Moreover, crypto income is taxable in Israel. There’s a 25% annual income tax on capital gains, which includes all financial assets (that means crypto, as well). At the moment, there are 7 ‘trusted’ exchanges in Israel, including Bit2C, Bits of Gold, Binance, OKX, Kraken, Coinmama, and Changelly.

To make a transfer, you’ll need to create an account with one of these exchanges. It means registration and verification, which can be lengthy, but often don’t exceed a few days of waiting. After that, it’s just a matter of buying crypto and selling it back for ISL. Then, you’ll just need to withdraw the money to the bank account.

The biggest positive of transferring money this way is that crypto is relatively less regulated compared to regular financial solutions. In Israel, they adhere to a slightly stricter code of conduct than usual, but virtual currencies are still a lot less regulated. It makes any bank transfers quick and easy.

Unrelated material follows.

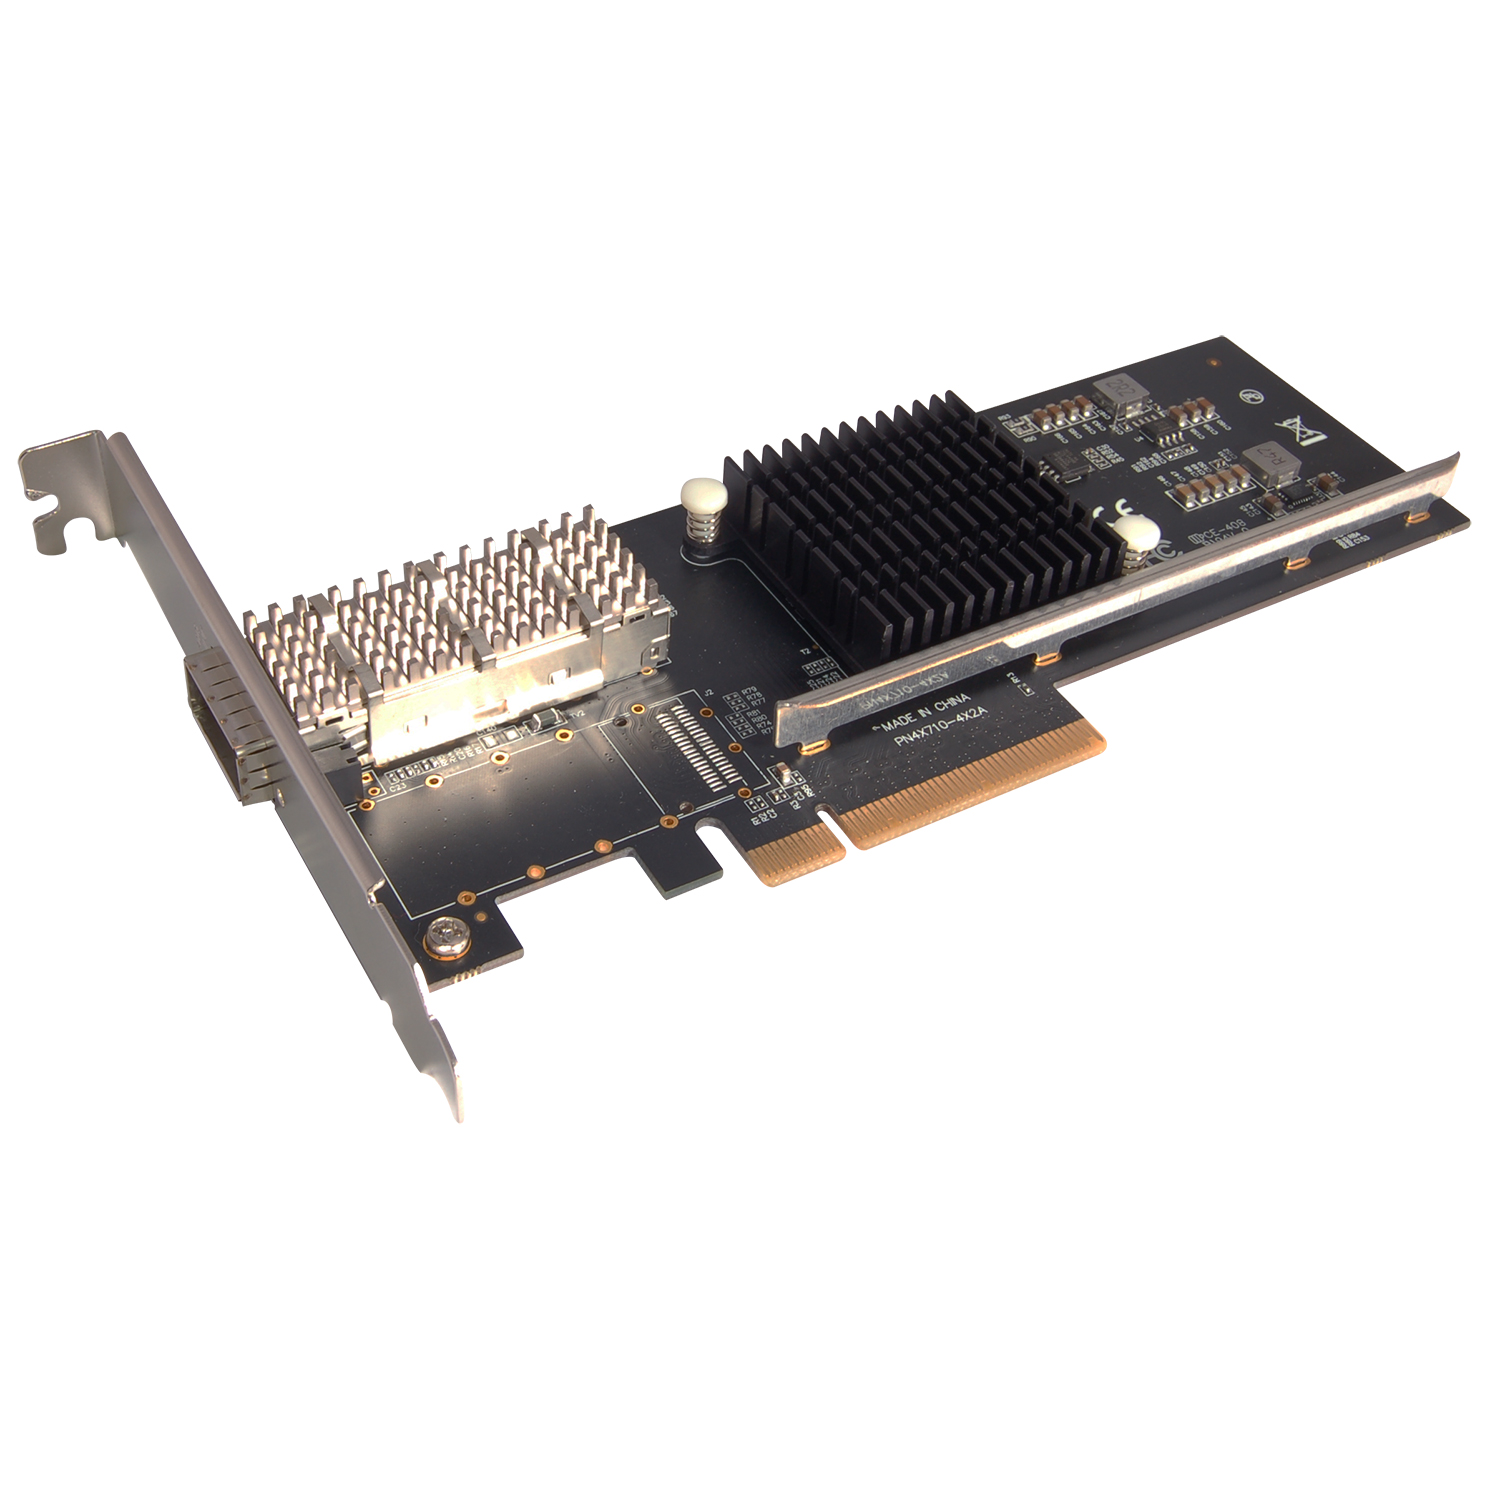 N-560 PCIe 1-Port 40G QSFP+ Netword Card

Creating an israeli bank account

You can also create a non-resident bank account with several Israeli banks, such as the Bank of Jerusalem. It has multiple limitations, but it will allow you to make bank transfers in shekels even though you’re a foreigner and not even a resident. It’s suitable for people who expect to make regular payments in ISL in the future.

It still usually requires you to travel to Israel to finalize the creation of the account, but the exact requirements vary from bank to bank. You’ll just need to examine the specifics with each individual bank. Regardless of the bank, you’ll likely enjoy less freedom and opportunities than a regular resident bank owner. The holders of non-resident accounts can still make money transfers, which is what matters.

It’s not particularly easy to set up an account because the bank will still look into your financial background and current financial health. The decision also depends on your needs and goals. The most common and acceptable goal is doing business in Israel. Irregular personal payments aren’t really a priority for banks.

Regular bank transfer

SWIFT transfers are still a thing. You can send money to an Israeli bank fairly easily, provided your bank adheres to the SWIFT standard. You don’t need to convert your money to shekels in this instance; although you will incur an additional, often undetermined commission for an international transfer + ILS conversion.

A transfer such as this can take a long time, can be quite costly, and you can never truly tell how much money will arrive to the recipient. While it’s possible to determine the transaction fees on your end, you’ll also have to count the processing fees on the other end, as well as various extra fees.

It’s probably not an optimal method, but the costs and timeframes can change from country to country and from bank to bank. Depending on what provider you’re using, it may be easier for you to just make a SWIFT transfer rather than go to Wise or use crypto. However, it’s unlikely.